Unitamente a quanto sinora esaminato con maggiore ardore – a causa della diretta esperienza della sottoscritta – è opportuno citare altre violazioni, dall’A.G.C.M. ritenute anch’esse fonte di responsabilità: l’assoluta assenza di comunicazione sull’approssimarsi della scadenza annuale dell’abbonamento e sul termine utile per richiedere l’eventuale disdetta, circostanza che ha impedito ai clienti di effettuare una scelta alternativa al rinnovo automatico – così costretti a richiedere la disdetta del rinnovo automatico in epoca successiva, con aggravio di costi a proprio carico nonostante la volontà di recesso manifestata.

Anche questa costituisce una pratica commerciale scorretta poiché, come emerge in modo cristallino, siamo nuovamente dinanzi alla negazione di un diritto, quello di libera scelta di non usufruire più di un servizio, di non rinnovare un contratto che sembra essere più simile ad un patto con il diavolo.

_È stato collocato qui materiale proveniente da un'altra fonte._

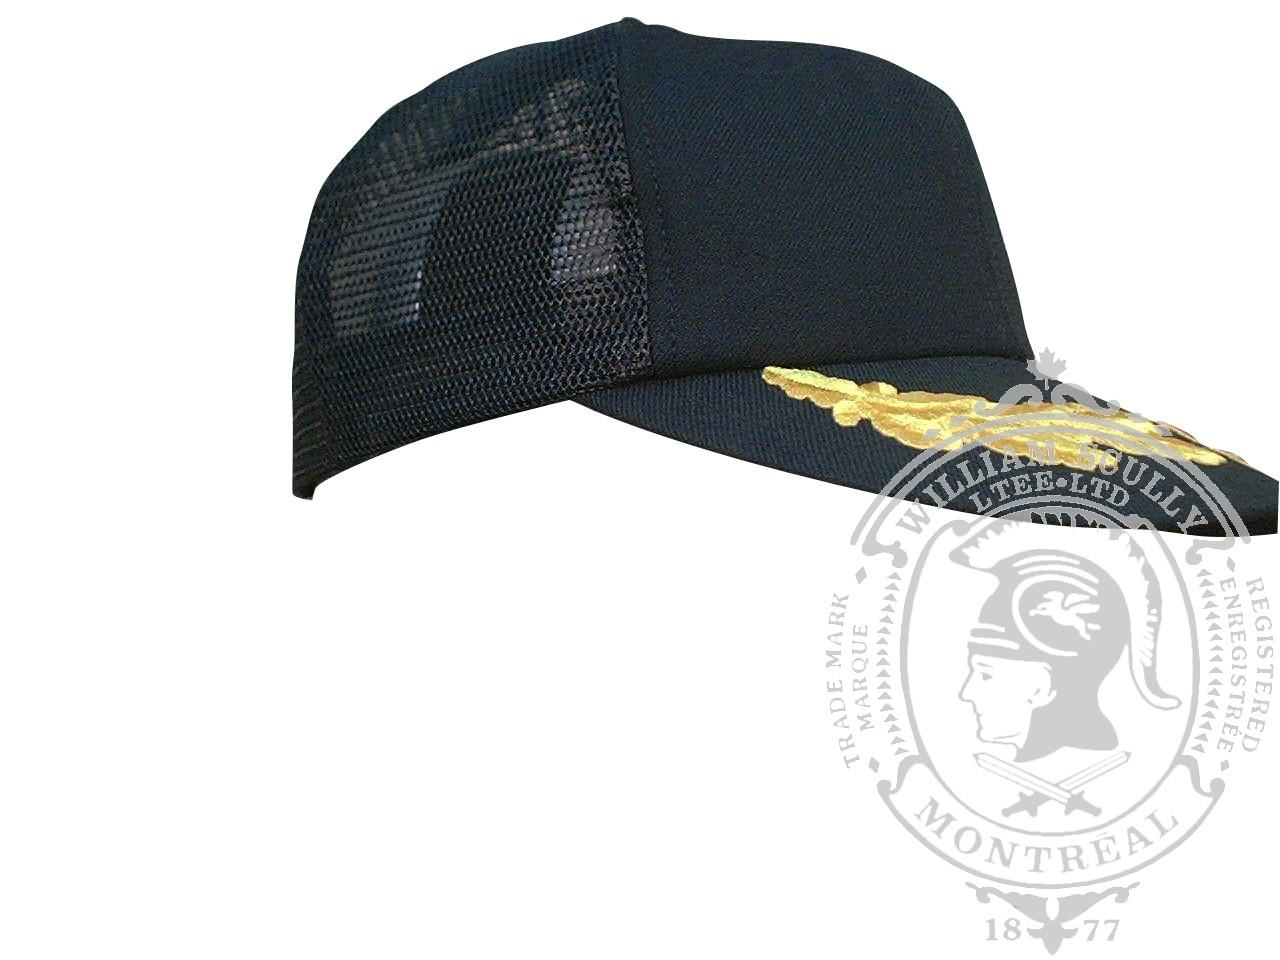 3-2002 S.W.A.T.T. Style Mesh Cap

Ultimo, ma non per importanza, comportamento sanzionato dall’A.G.C.M. è l’aver la Virgin Active Italia taciuto sulle modifiche dei prezzi degli abbonamenti, addebitando i superiori costi ai consumatori che avevano, originariamente, pattuito una cifra più bassa – giustificandosi con l’asserito miglioramento dei servizi.

Alla struttura è però sfuggita, anche in questa occasione, l’importanza nel nostro sistema normativo della libertà di scelta e di contrattazione: il consumatore ha il diritto di decidere se proseguire o meno alla nuove condizioni offerte dall’altro contraente, fornitore del servizio di fitness e wellness e, pertanto, non dovrebbe essere reso edotto sui cambiamenti, che essi siano relativi al prezzo o ai servizi, solo “a cose fatte”.

Le condotte sinora prospettate costituiscono pratiche commerciali scorrette, contrarie alla dligenza professionale – a causa della scarsissima trasparenza dimostrata – idonee a falsare il comportamento economico del consumatore medio, inducendolo in errore e a fargli assumere una decisione di natura commerciale che non avrebbe altrimenti preso – come espressamente previsto dalle lettere d) ed e) dell’art. 21 del Codice del Consumo.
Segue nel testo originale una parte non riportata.